Korsgaard went on to argue that we value ourselves as ‘ends in ourselves’ not just as rational beings, but as beings for whom things can be good or bad. Nonhuman animals, she continued, are also things for whom things can be good or bad. Consequently, we must also treat nonhuman animals as ends in themselves. Since they are ends in themselves, Korsgaard argued, we cannot treat nonhuman animals as mere means. That requires, among other things, the abolition of all factory farming.

 

Korsgaard also argued that since the notion of ends in themselves – things for whom things can be good or bad – is prior to the notions of good or bad, nothing can be good or bad unless there is someone for whom it is good or bad.

 

But consider the possibility of genetically engineering the gametes of farm animals to ‘knock out’ the affective dimension of pain. Since they’re just gametes, there is no one – no ‘functional unity’, in Korsgaard’s terms – for whom that is bad. But the animals that such gametes would produce would, by lacking the affective dimension of pain, be in many ways suited to lives in factory farms (see Adam Shriver, ‘Knocking Out the Pain in Livestock’). Factory farming an animal of that kind might not be bad from what Korsgaard calls that animal’s ‘point of view’. Korsgaard seems committed to saying that such genetic manipulation is not bad, since there is no one for whom it is bad. Is that really plausible?

 

Relatedly, it seems possible to drive a wedge between what is good for an animal and what is good or bad from that animal’s point of view. A dog may recoil and the prospect of been taken to the vet, but it may nevertheless be in good for the dog that he be to be taken to the vet.

 

Finally, responding to questions, Korsgaard was prepared to concede that perception – the form of self-consciousness characteristic of animals – might admit of degrees. There is a sense in which plants exhibit perception by, for example, growing towards sunlight. But this means that some biological plants are Korsgaardian animals to a greater degree than are some biological animals. The Korsgaardian category of ‘animal’ doesn’t map neatly onto our biological category of the same name. Consequently, even if Korsgaard’s argument is sound, we would need to consider the mapping relation between Korsgaardian animals and biological animals before Korsgaard’s argument would give us reason to – say – eat biological plants instead of biological animals.

 

Please follow these pdf links to the handouts provided by Korgaard to accompany the lecture series:

http://www.practicalethics.ox.ac.uk/__data/assets/pdf_file/0019/35821/CMK.FC1.Handout1.A4.pdf

http://www.practicalethics.ox.ac.uk/__data/assets/pdf_file/0020/35822/CMK.FC2.Handout2.A4.pdf

http://www.practicalethics.ox.ac.uk/__data/assets/pdf_file/0003/35823/CMK.FC3.Handout3.A4.pdf

 

Share on

2 Comment on this post

  1. Thanks for the summary. A few thoughts in response:

    “Since they are ends in themselves, Korsgaard argued, we cannot treat nonhuman animals as mere means. That requires, among other things, the abolition of all factory farming.”

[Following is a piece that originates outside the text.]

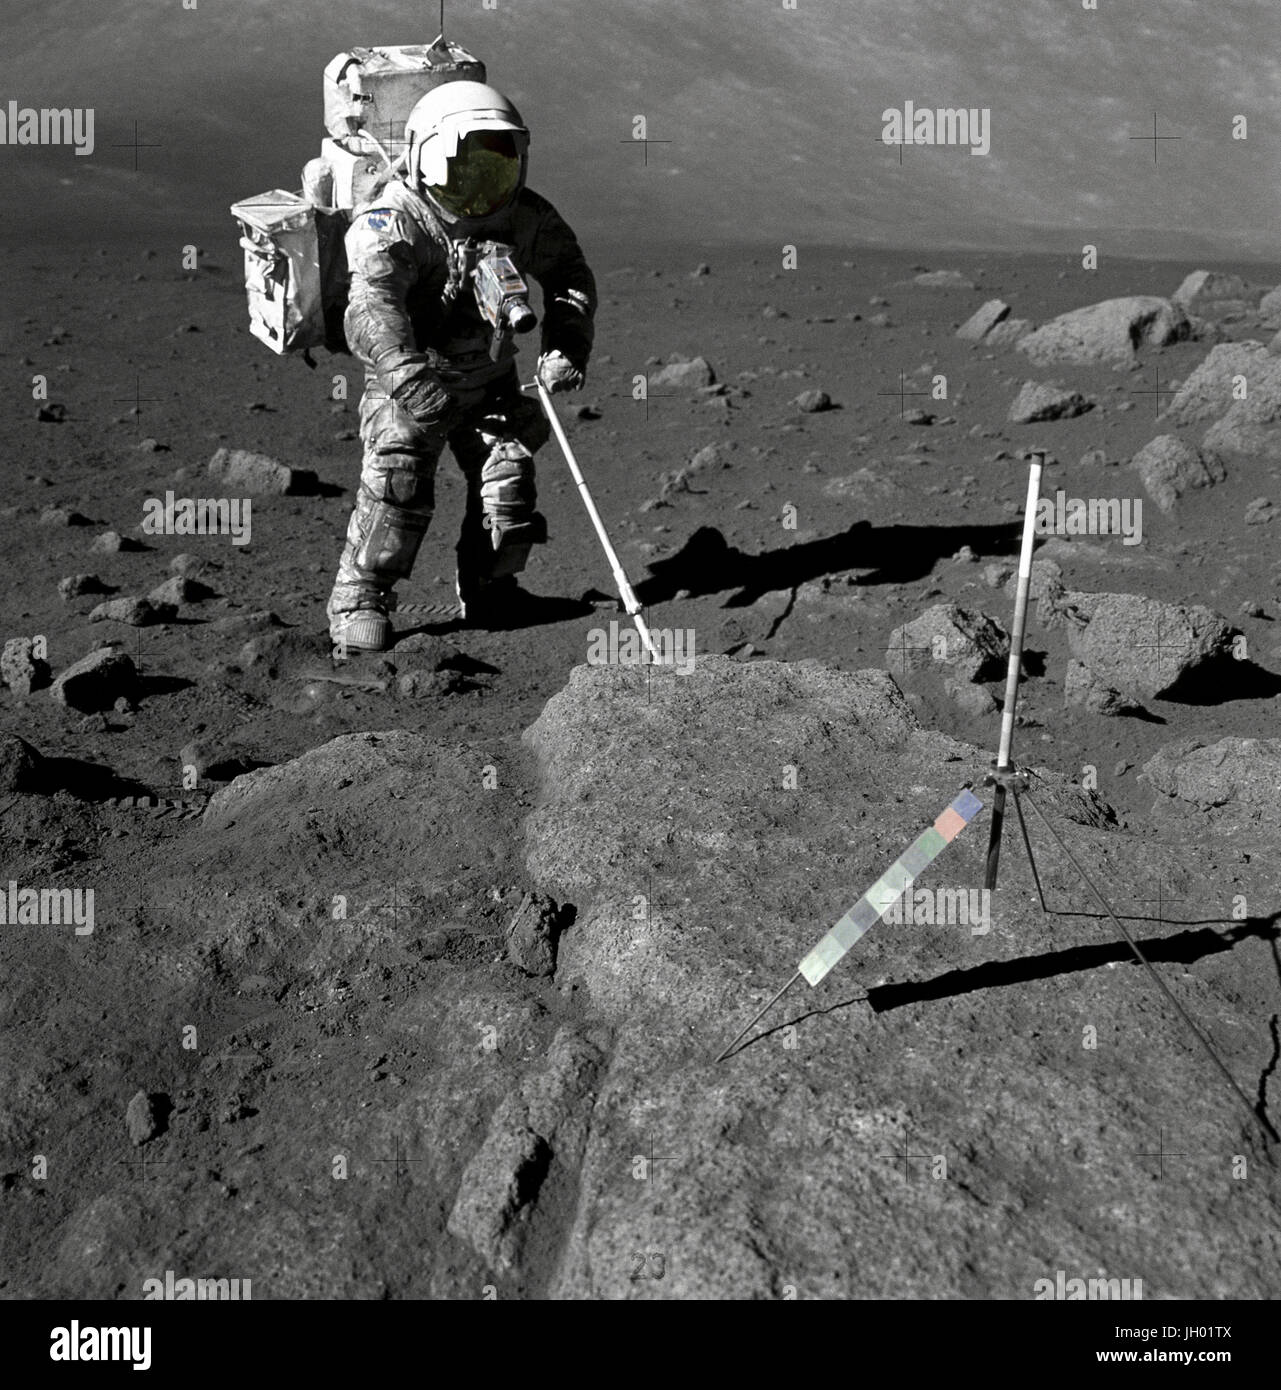 Schmitt mit Lunar Schmutz bedeckt. Geologe-Astronaut Harrison Schmitt, Pilot der Mondlandefähre Apollo 17, nutzt eine einstellbare Sampling-Schaufel abzurufenden lunare Proben während der zweiten Extravehicular Activity (EVA-2), auf Station 5 bei den Taurus - Littrow-Landeplatz. Der Zusammenhalt des lunar Bodens wird durch das "schmutzige" auftreten von Schmitts Raumanzug heraus geboren. Ein Gnomon ist oben auf dem großen Felsen im Vordergrund. Gnomon Stadien Rute auf einem Stativ montiert und dient als Indikator für die Schwerkraft Vektor und liefert genaue vertikale Referenz und kalibriert Länge für die Bestimmung der Größe Stockfoto

    This conclusion, which many who wouldn’t even consider themselves animal advocates would agree with, is surely far too weak. We would obviously see the rearing of humans for food and resource purposes as using them as mere means, and thus prohibitions against using animals as mere means should rule out all animal use (thus advocating moral veganism.)

    “[I]t seems possible to drive a wedge between what is good for an animal and what is good or bad from that animal’s point of view. A dog may recoil and the prospect of been taken to the vet, but it may nevertheless be in good for the dog that he be to be taken to the vet.”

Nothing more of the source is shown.